■ Activity ■
Would you print the data below exactly, leaving out every picture?

■ Collected material ■
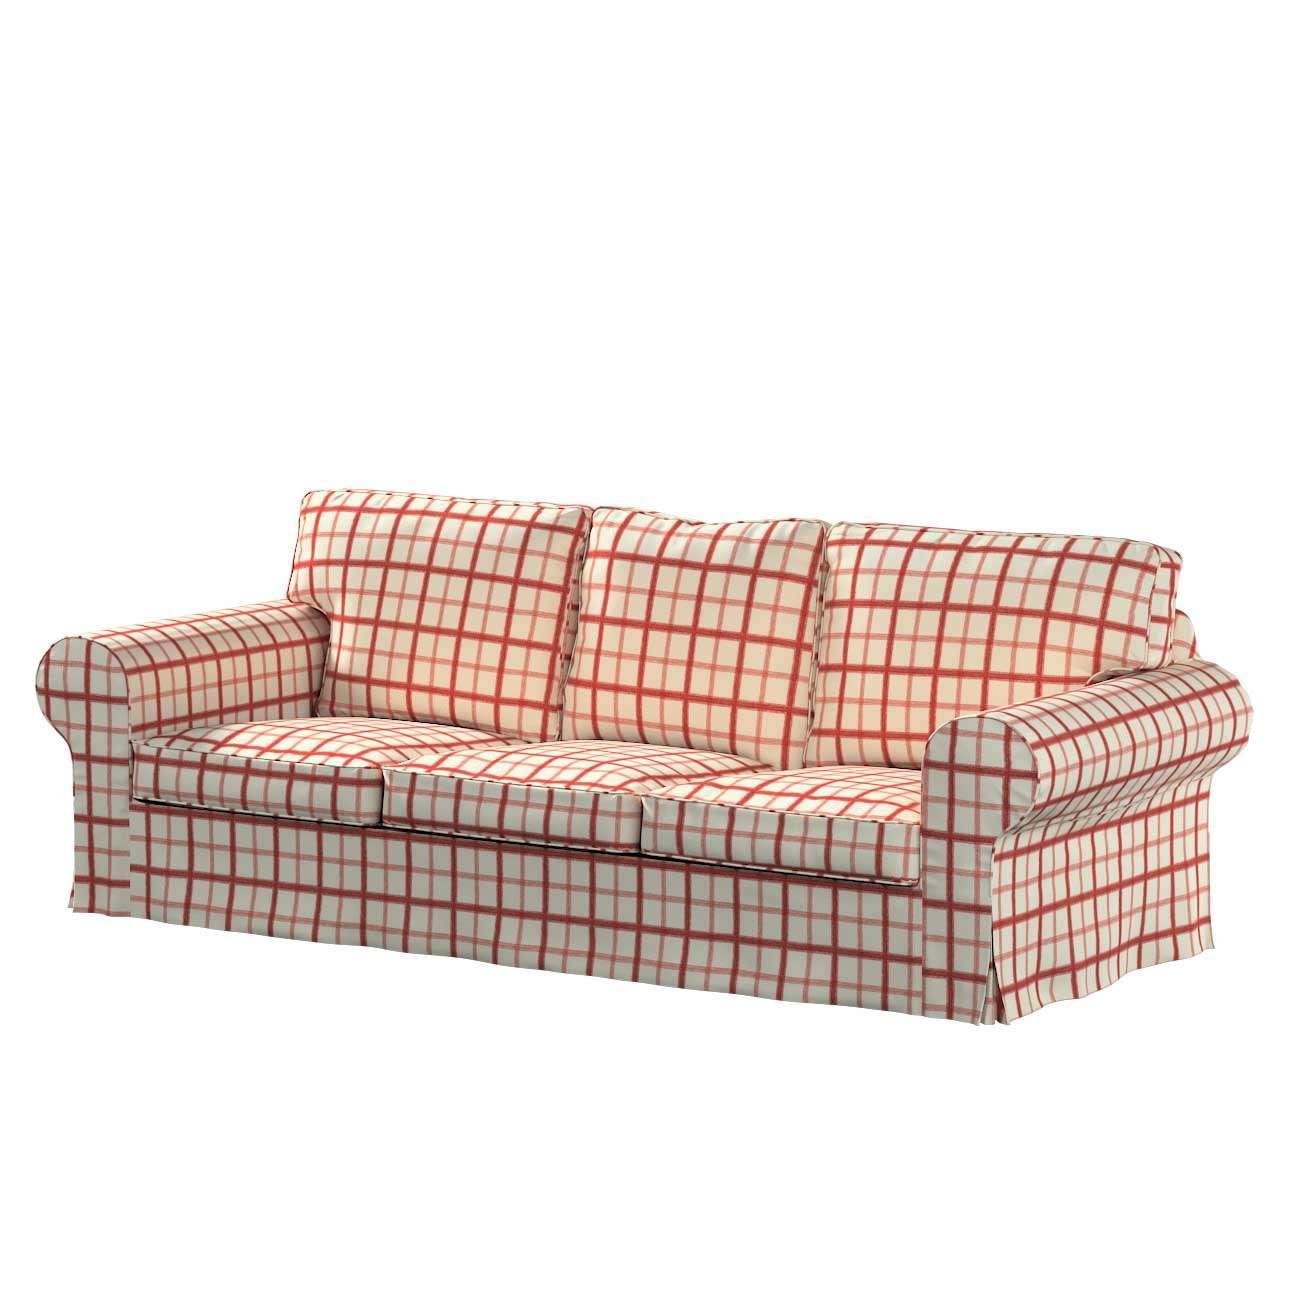 Pokrowiec na sofę Ektorp 3-osobową, rozkładaną, PIXBO w kolekcji Avinon, tkanina: 131-15
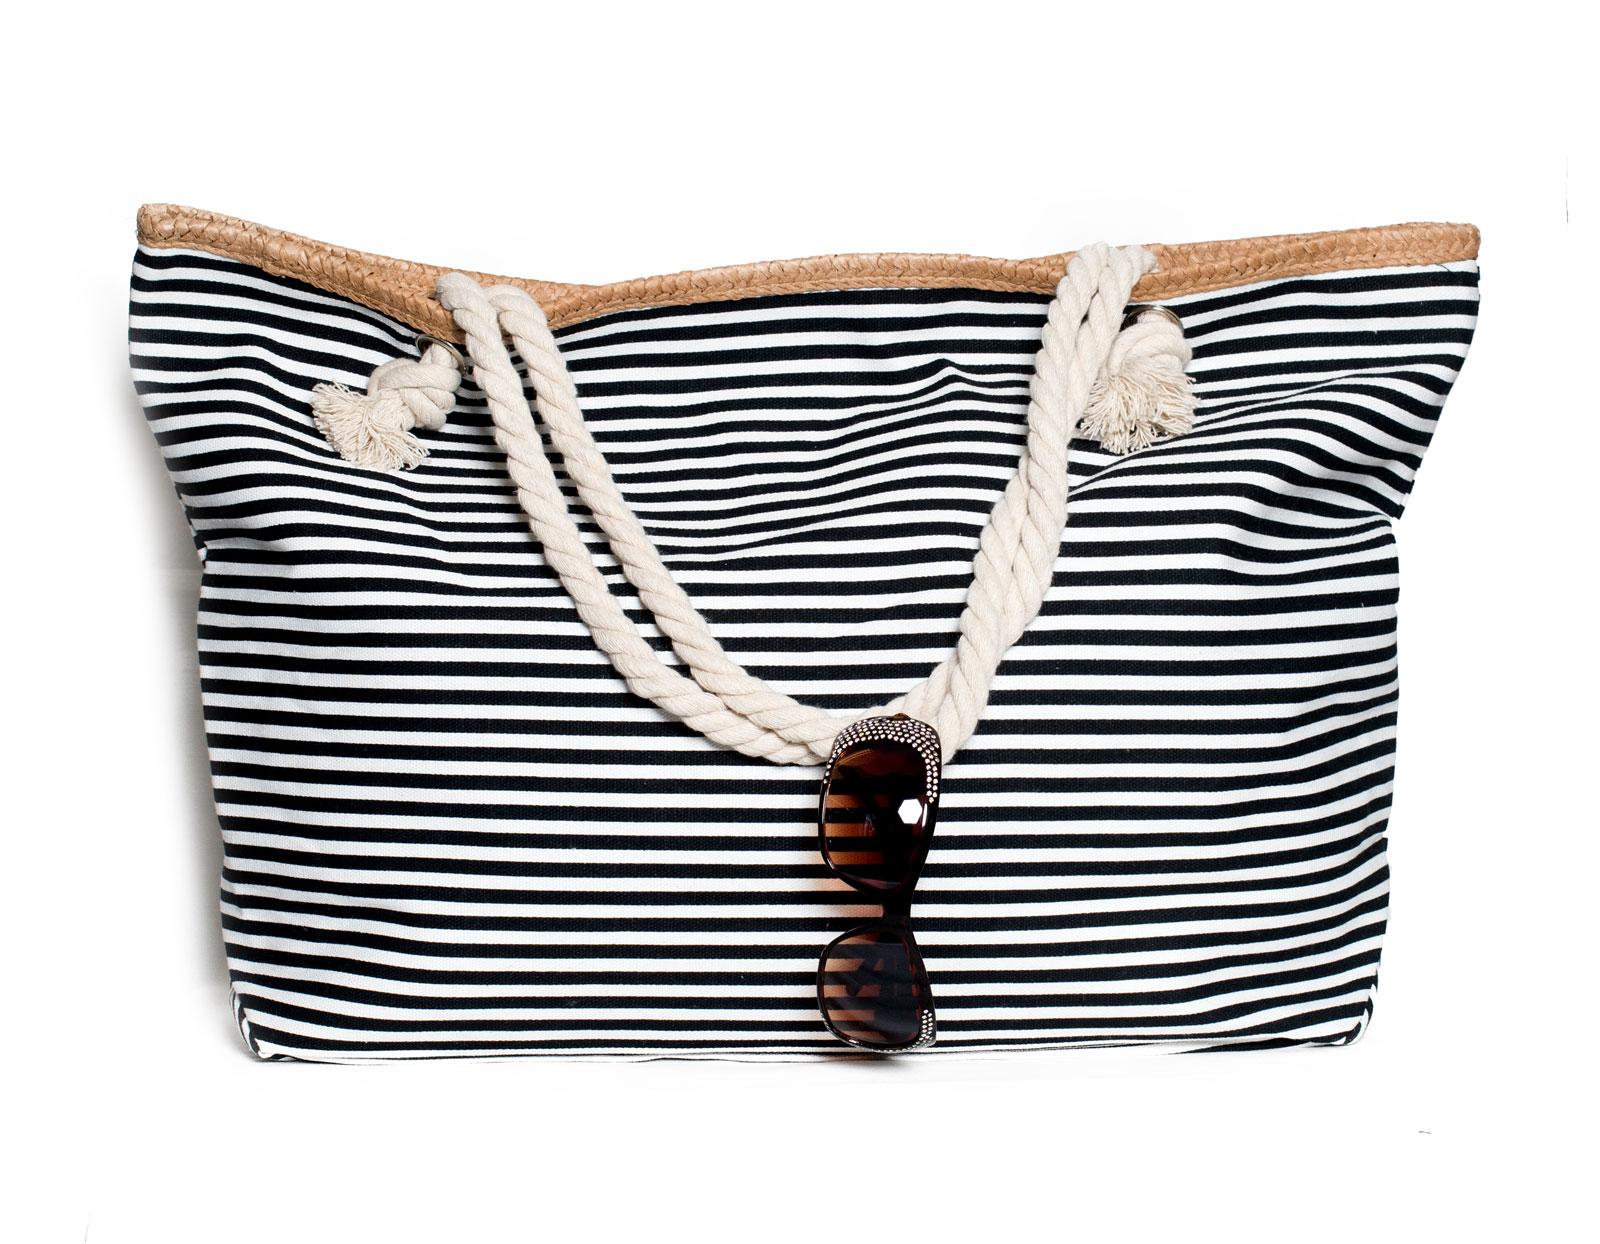 xxl damentasche strandtasche sommer tasche badetasche gestreift schwarz wei neu ebay. Black Bedroom Furniture Sets. Home Design Ideas
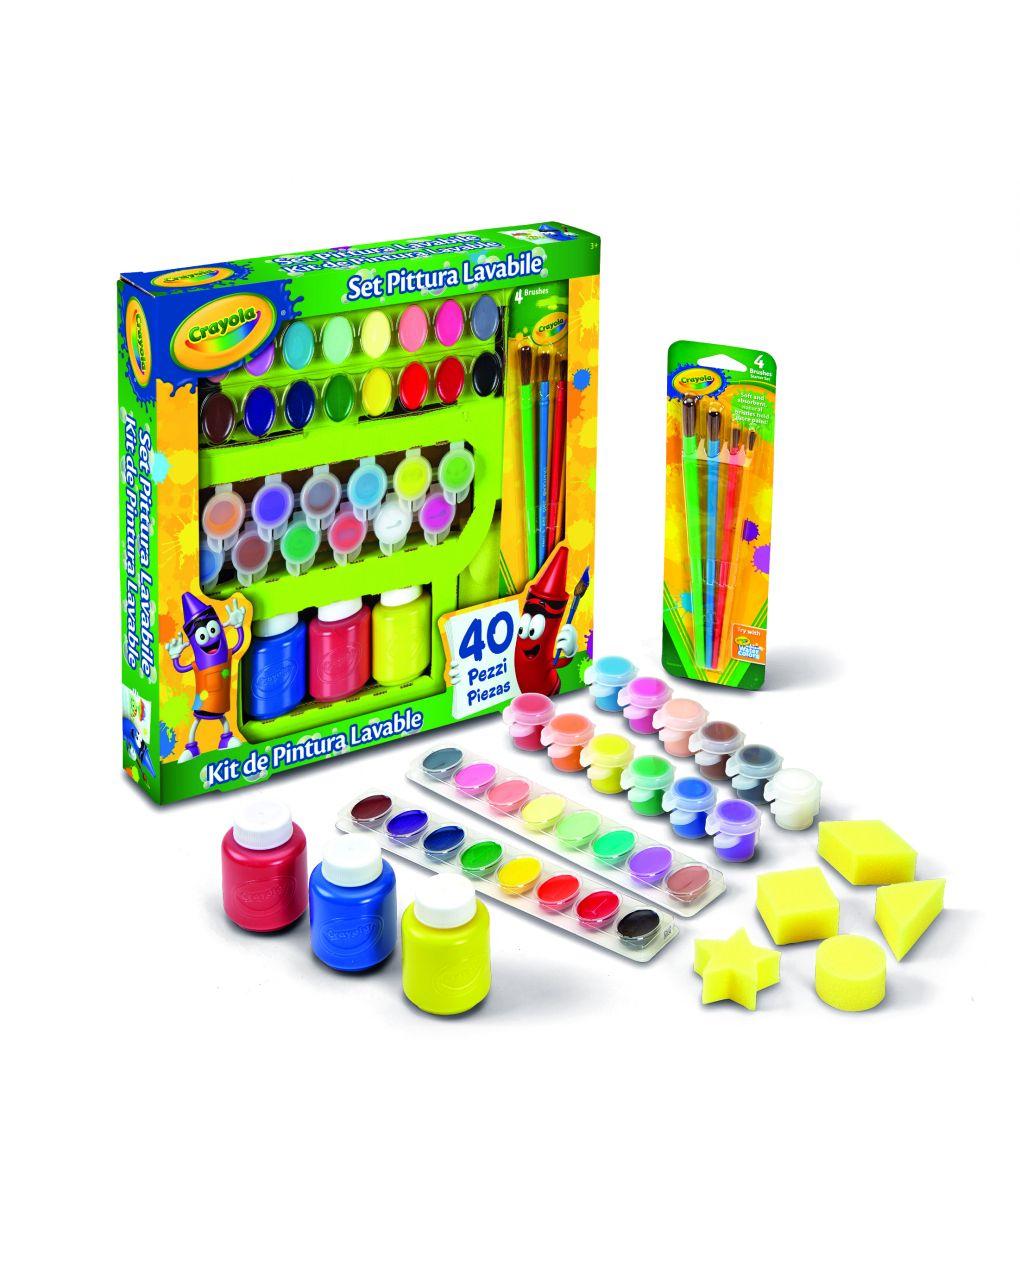 Crayola - conjunto de pintura - Crayola
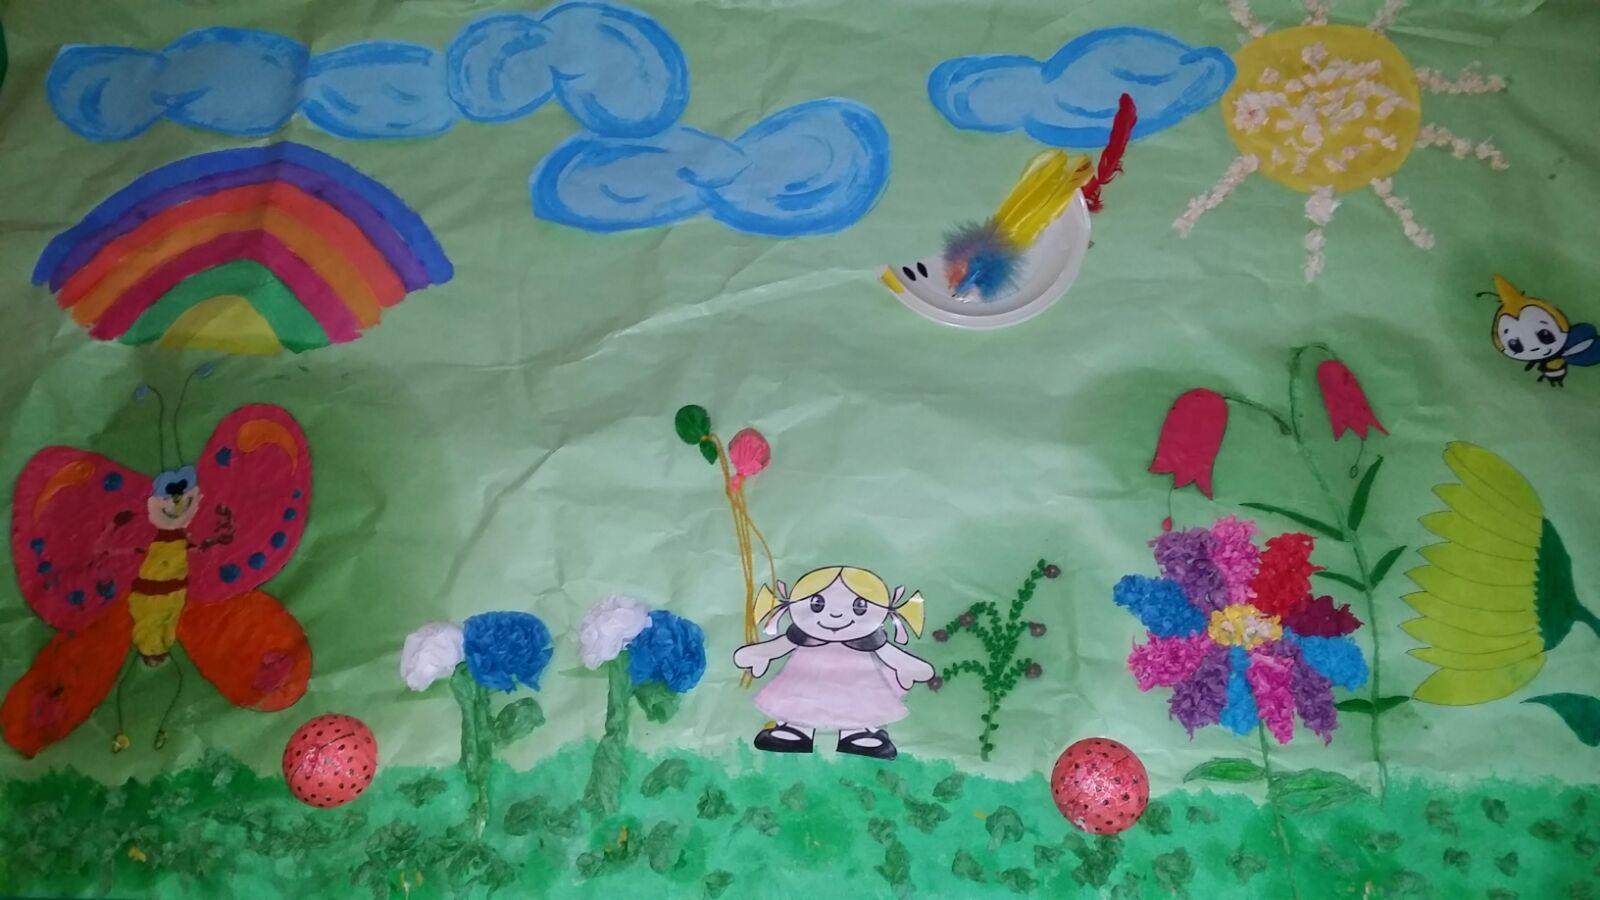 M anal a puza cao mural primavera for Mural de flores y mariposas

■ Solution below ■
 Pokrowiec na sofę Ektorp 3-osobową, rozkładaną, PIXBO w kolekcji Avinon, tkanina: 131-15
 xxl damentasche strandtasche sommer tasche badetasche gestreift schwarz wei neu ebay. Black Bedroom Furniture Sets. Home Design Ideas
 Crayola - conjunto de pintura - Crayola
 M anal a puza cao mural primavera for Mural de flores y mariposas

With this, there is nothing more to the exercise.